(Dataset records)
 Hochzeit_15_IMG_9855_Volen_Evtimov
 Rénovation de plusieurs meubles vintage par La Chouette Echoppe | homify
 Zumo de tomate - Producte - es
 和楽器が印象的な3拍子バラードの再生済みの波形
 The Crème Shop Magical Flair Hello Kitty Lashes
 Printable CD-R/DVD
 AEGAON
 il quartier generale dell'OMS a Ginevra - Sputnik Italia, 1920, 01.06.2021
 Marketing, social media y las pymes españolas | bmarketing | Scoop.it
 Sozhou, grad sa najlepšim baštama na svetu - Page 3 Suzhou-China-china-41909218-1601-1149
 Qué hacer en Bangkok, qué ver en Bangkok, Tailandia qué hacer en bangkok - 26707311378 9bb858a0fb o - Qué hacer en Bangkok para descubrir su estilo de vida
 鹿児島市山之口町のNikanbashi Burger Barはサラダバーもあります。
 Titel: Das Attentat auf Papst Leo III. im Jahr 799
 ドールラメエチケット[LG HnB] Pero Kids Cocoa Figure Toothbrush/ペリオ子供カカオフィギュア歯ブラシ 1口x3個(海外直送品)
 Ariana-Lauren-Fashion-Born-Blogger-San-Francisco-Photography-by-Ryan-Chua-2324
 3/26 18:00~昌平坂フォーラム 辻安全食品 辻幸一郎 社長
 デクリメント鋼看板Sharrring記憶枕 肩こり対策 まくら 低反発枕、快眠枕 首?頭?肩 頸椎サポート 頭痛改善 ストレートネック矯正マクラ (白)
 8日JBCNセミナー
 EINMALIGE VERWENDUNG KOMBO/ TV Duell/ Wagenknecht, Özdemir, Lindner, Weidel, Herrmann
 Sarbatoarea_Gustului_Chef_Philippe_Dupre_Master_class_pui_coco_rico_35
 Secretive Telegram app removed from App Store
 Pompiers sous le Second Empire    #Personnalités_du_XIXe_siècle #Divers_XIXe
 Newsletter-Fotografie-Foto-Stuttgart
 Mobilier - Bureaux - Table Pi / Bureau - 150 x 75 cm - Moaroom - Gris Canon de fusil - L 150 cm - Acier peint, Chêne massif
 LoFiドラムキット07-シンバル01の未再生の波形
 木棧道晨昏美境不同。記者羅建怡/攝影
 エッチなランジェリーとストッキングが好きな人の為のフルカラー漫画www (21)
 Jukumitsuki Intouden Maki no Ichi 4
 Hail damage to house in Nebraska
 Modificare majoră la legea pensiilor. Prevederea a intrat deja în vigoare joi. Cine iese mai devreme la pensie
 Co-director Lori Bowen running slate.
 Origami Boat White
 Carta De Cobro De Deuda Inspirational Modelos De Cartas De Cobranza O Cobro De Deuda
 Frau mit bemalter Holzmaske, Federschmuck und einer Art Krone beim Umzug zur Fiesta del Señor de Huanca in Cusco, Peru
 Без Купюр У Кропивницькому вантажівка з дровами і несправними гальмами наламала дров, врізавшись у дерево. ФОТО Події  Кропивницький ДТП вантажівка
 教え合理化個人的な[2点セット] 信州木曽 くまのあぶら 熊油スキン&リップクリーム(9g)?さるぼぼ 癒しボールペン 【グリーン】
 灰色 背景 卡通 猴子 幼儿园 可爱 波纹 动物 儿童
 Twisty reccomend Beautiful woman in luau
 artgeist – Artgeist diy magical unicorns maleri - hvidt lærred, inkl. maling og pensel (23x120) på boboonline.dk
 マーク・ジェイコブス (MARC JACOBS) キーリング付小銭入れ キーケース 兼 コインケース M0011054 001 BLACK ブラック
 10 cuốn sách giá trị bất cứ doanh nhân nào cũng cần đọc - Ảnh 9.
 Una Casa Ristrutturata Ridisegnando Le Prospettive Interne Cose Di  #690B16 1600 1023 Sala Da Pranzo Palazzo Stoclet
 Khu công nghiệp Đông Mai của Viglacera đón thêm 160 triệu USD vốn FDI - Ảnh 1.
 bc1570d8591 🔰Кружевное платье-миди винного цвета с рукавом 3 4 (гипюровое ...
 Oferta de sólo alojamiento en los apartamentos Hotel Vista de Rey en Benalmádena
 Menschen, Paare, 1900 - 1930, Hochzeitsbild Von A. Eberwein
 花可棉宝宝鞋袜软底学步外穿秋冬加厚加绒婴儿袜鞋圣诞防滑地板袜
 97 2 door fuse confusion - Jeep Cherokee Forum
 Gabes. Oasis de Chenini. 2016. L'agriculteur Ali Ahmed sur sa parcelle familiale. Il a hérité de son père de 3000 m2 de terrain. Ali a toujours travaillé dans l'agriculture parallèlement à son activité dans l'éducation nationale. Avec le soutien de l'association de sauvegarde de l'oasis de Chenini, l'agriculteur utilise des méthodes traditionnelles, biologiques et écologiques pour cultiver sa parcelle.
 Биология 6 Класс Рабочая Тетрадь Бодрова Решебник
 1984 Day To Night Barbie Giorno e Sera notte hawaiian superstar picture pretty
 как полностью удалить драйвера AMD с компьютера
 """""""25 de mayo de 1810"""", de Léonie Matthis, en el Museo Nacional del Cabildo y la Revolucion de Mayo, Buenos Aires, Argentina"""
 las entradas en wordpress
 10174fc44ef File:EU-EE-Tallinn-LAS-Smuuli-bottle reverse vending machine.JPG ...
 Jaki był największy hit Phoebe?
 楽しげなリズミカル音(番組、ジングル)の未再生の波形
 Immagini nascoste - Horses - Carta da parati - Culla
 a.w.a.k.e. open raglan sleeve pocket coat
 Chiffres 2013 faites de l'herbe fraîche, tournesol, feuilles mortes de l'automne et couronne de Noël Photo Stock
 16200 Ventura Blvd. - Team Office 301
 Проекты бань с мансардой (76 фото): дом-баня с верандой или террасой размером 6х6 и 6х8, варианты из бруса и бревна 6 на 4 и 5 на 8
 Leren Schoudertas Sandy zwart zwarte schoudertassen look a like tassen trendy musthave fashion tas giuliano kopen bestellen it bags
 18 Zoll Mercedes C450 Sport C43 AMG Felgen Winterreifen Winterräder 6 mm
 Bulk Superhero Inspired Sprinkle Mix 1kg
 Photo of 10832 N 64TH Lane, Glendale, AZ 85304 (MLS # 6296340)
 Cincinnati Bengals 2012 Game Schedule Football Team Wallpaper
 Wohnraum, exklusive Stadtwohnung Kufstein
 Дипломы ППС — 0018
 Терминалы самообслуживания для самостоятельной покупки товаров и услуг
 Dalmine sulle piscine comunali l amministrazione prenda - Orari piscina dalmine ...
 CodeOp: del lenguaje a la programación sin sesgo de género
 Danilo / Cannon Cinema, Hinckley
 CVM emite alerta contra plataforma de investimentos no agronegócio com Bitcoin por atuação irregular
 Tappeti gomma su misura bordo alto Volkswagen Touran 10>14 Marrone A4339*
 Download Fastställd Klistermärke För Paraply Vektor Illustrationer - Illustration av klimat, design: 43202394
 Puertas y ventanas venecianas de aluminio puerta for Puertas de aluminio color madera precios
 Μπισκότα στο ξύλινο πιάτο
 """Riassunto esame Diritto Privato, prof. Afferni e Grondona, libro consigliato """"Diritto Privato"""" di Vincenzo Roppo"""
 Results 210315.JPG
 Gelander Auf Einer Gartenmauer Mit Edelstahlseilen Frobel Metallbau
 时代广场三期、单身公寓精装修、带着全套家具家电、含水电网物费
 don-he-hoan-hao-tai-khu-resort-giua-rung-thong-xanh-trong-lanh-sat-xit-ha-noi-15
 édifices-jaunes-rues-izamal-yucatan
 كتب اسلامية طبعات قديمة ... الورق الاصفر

▶ TASK TO CARRY OUT: A faithful, complete copy of the entries above is required.

▶ WRITTEN ANSWER:
 Hochzeit_15_IMG_9855_Volen_Evtimov
 Rénovation de plusieurs meubles vintage par La Chouette Echoppe | homify
 Zumo de tomate - Producte - es
 和楽器が印象的な3拍子バラードの再生済みの波形
 The Crème Shop Magical Flair Hello Kitty Lashes
 Printable CD-R/DVD
 AEGAON
 il quartier generale dell'OMS a Ginevra - Sputnik Italia, 1920, 01.06.2021
 Marketing, social media y las pymes españolas | bmarketing | Scoop.it
 Sozhou, grad sa najlepšim baštama na svetu - Page 3 Suzhou-China-china-41909218-1601-1149
 Qué hacer en Bangkok, qué ver en Bangkok, Tailandia qué hacer en bangkok - 26707311378 9bb858a0fb o - Qué hacer en Bangkok para descubrir su estilo de vida
 鹿児島市山之口町のNikanbashi Burger Barはサラダバーもあります。
 Titel: Das Attentat auf Papst Leo III. im Jahr 799
 ドールラメエチケット[LG HnB] Pero Kids Cocoa Figure Toothbrush/ペリオ子供カカオフィギュア歯ブラシ 1口x3個(海外直送品)
 Ariana-Lauren-Fashion-Born-Blogger-San-Francisco-Photography-by-Ryan-Chua-2324
 3/26 18:00~昌平坂フォーラム 辻安全食品 辻幸一郎 社長
 デクリメント鋼看板Sharrring記憶枕 肩こり対策 まくら 低反発枕、快眠枕 首?頭?肩 頸椎サポート 頭痛改善 ストレートネック矯正マクラ (白)
 8日JBCNセミナー
 EINMALIGE VERWENDUNG KOMBO/ TV Duell/ Wagenknecht, Özdemir, Lindner, Weidel, Herrmann
 Sarbatoarea_Gustului_Chef_Philippe_Dupre_Master_class_pui_coco_rico_35
 Secretive Telegram app removed from App Store
 Pompiers sous le Second Empire    #Personnalités_du_XIXe_siècle #Divers_XIXe
 Newsletter-Fotografie-Foto-Stuttgart
 Mobilier - Bureaux - Table Pi / Bureau - 150 x 75 cm - Moaroom - Gris Canon de fusil - L 150 cm - Acier peint, Chêne massif
 LoFiドラムキット07-シンバル01の未再生の波形
 木棧道晨昏美境不同。記者羅建怡/攝影
 エッチなランジェリーとストッキングが好きな人の為のフルカラー漫画www (21)
 Jukumitsuki Intouden Maki no Ichi 4
 Hail damage to house in Nebraska
 Modificare majoră la legea pensiilor. Prevederea a intrat deja în vigoare joi. Cine iese mai devreme la pensie
 Co-director Lori Bowen running slate.
 Origami Boat White
 Carta De Cobro De Deuda Inspirational Modelos De Cartas De Cobranza O Cobro De Deuda
 Frau mit bemalter Holzmaske, Federschmuck und einer Art Krone beim Umzug zur Fiesta del Señor de Huanca in Cusco, Peru
 Без Купюр У Кропивницькому вантажівка з дровами і несправними гальмами наламала дров, врізавшись у дерево. ФОТО Події  Кропивницький ДТП вантажівка
 教え合理化個人的な[2点セット] 信州木曽 くまのあぶら 熊油スキン&リップクリーム(9g)?さるぼぼ 癒しボールペン 【グリーン】
 灰色 背景 卡通 猴子 幼儿园 可爱 波纹 动物 儿童
 Twisty reccomend Beautiful woman in luau
 artgeist – Artgeist diy magical unicorns maleri - hvidt lærred, inkl. maling og pensel (23x120) på boboonline.dk
 マーク・ジェイコブス (MARC JACOBS) キーリング付小銭入れ キーケース 兼 コインケース M0011054 001 BLACK ブラック
 10 cuốn sách giá trị bất cứ doanh nhân nào cũng cần đọc - Ảnh 9.
 Una Casa Ristrutturata Ridisegnando Le Prospettive Interne Cose Di  #690B16 1600 1023 Sala Da Pranzo Palazzo Stoclet
 Khu công nghiệp Đông Mai của Viglacera đón thêm 160 triệu USD vốn FDI - Ảnh 1.
 bc1570d8591 🔰Кружевное платье-миди винного цвета с рукавом 3 4 (гипюровое ...
 Oferta de sólo alojamiento en los apartamentos Hotel Vista de Rey en Benalmádena
 Menschen, Paare, 1900 - 1930, Hochzeitsbild Von A. Eberwein
 花可棉宝宝鞋袜软底学步外穿秋冬加厚加绒婴儿袜鞋圣诞防滑地板袜
 97 2 door fuse confusion - Jeep Cherokee Forum
 Gabes. Oasis de Chenini. 2016. L'agriculteur Ali Ahmed sur sa parcelle familiale. Il a hérité de son père de 3000 m2 de terrain. Ali a toujours travaillé dans l'agriculture parallèlement à son activité dans l'éducation nationale. Avec le soutien de l'association de sauvegarde de l'oasis de Chenini, l'agriculteur utilise des méthodes traditionnelles, biologiques et écologiques pour cultiver sa parcelle.
 Биология 6 Класс Рабочая Тетрадь Бодрова Решебник
 1984 Day To Night Barbie Giorno e Sera notte hawaiian superstar picture pretty
 как полностью удалить драйвера AMD с компьютера
 """""""25 de mayo de 1810"""", de Léonie Matthis, en el Museo Nacional del Cabildo y la Revolucion de Mayo, Buenos Aires, Argentina"""
 las entradas en wordpress
 10174fc44ef File:EU-EE-Tallinn-LAS-Smuuli-bottle reverse vending machine.JPG ...
 Jaki był największy hit Phoebe?
 楽しげなリズミカル音(番組、ジングル)の未再生の波形
 Immagini nascoste - Horses - Carta da parati - Culla
 a.w.a.k.e. open raglan sleeve pocket coat
 Chiffres 2013 faites de l'herbe fraîche, tournesol, feuilles mortes de l'automne et couronne de Noël Photo Stock
 16200 Ventura Blvd. - Team Office 301
 Проекты бань с мансардой (76 фото): дом-баня с верандой или террасой размером 6х6 и 6х8, варианты из бруса и бревна 6 на 4 и 5 на 8
 Leren Schoudertas Sandy zwart zwarte schoudertassen look a like tassen trendy musthave fashion tas giuliano kopen bestellen it bags
 18 Zoll Mercedes C450 Sport C43 AMG Felgen Winterreifen Winterräder 6 mm
 Bulk Superhero Inspired Sprinkle Mix 1kg
 Photo of 10832 N 64TH Lane, Glendale, AZ 85304 (MLS # 6296340)
 Cincinnati Bengals 2012 Game Schedule Football Team Wallpaper
 Wohnraum, exklusive Stadtwohnung Kufstein
 Дипломы ППС — 0018
 Терминалы самообслуживания для самостоятельной покупки товаров и услуг
 Dalmine sulle piscine comunali l amministrazione prenda - Orari piscina dalmine ...
 CodeOp: del lenguaje a la programación sin sesgo de género
 Danilo / Cannon Cinema, Hinckley
 CVM emite alerta contra plataforma de investimentos no agronegócio com Bitcoin por atuação irregular
 Tappeti gomma su misura bordo alto Volkswagen Touran 10>14 Marrone A4339*
 Download Fastställd Klistermärke För Paraply Vektor Illustrationer - Illustration av klimat, design: 43202394
 Puertas y ventanas venecianas de aluminio puerta for Puertas de aluminio color madera precios
 Μπισκότα στο ξύλινο πιάτο
 """Riassunto esame Diritto Privato, prof. Afferni e Grondona, libro consigliato """"Diritto Privato"""" di Vincenzo Roppo"""
 Results 210315.JPG
 Gelander Auf Einer Gartenmauer Mit Edelstahlseilen Frobel Metallbau
 时代广场三期、单身公寓精装修、带着全套家具家电、含水电网物费
 don-he-hoan-hao-tai-khu-resort-giua-rung-thong-xanh-trong-lanh-sat-xit-ha-noi-15
 édifices-jaunes-rues-izamal-yucatan
 كتب اسلامية طبعات قديمة ... الورق الاصفر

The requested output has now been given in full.